If Kendall was out, Grace could humor him. “I’m in bed,” she would say, making up something about her unbuttoned jeans and yanked-up tank top, her underwear or lack thereof. It was always a lie. Every night she slept in an old T-shirt of Riley’s, stretched and faded, with holes in the armpits.
GARLAND MIDDLE SCHOOL TRACK AND FIELD,
it read across the front. On the back
: GO STARLINGS!
She also wore his shorts. She’d snagged two pairs of his boxer briefs before she left Garland.

“Are those
his
?” Kendall had accused her upon barging into their bathroom, where Grace stood brushing her teeth in the sagging shorts. “That is gross and possibly creepy.”

Grace bent to spit out her toothpaste. Kendall was a rich New Yorker and Grace was not. Kendall had friends, and Grace did not. But Grace had something Kendall did not.

“I’ll tell you when you’re older,” Grace said.

10

A
t home in Garland, Riley seemed to be holding up his end of their bargain. Infinitely patient, he would spend weeks building a house on his canvas, brick by single brick, the Tupperware lid he used as a palette on one knee, a joint resting lightly on the rubber edge. From the calmness in his voice, she could tell right away when he was painting.

One of his mother’s friends, Anne Findlay, ran a small local gallery, and she had offered to put up Riley’s work in January, her slowest month. She’d never shown a student before. “It’s kind of good that you’re not here,” he said to Grace. “I have literally nothing to do but go to class and paint for this show.”

Grace’s mind was wallpapered with the diverse and ambitious artwork she had seen in the past three months, but she funneled her still-unspoken doubts about Riley’s subject matter into concern that he might run out of buildings. “You could paint something else,” she said. “You know, branch out.” She didn’t know how to pose her questions so that they didn’t sound critical.

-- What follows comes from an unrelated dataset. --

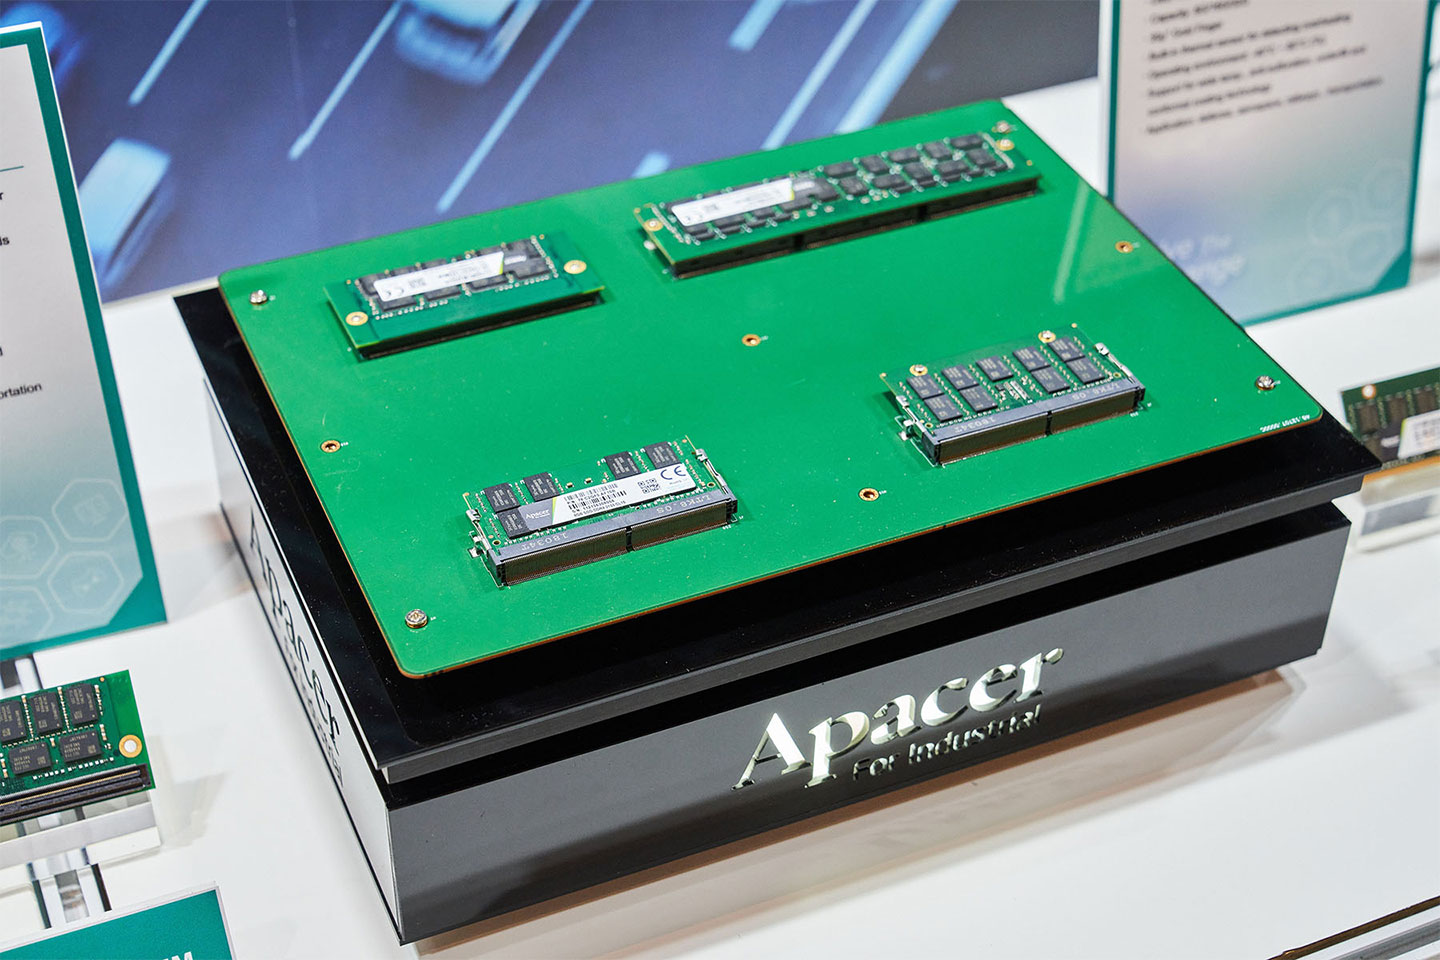 強固型 DDR4 記憶體模組，可適用於移動的車輛、船舶，持續震動的環境下也不會有從主板鬆脫的狀況。

“Nope,” he said. “I only paint what I know.” He inhaled sharply. “It’s about the process. I’m going to paint this whole fucking town.”

Process! Painting the entirety of their small southern town! This was something she could say to Lana when asked about Riley’s artistic “interests.”
Process
, Grace imagined saying.
Outsider art and changing small-town landscapes.

“Have you found our New York gallery yet?” They played this game now, the same way they used to walk around Garland and pick out their dream house. “The one that peddles the toothless and shoeless southern Gothic movement?”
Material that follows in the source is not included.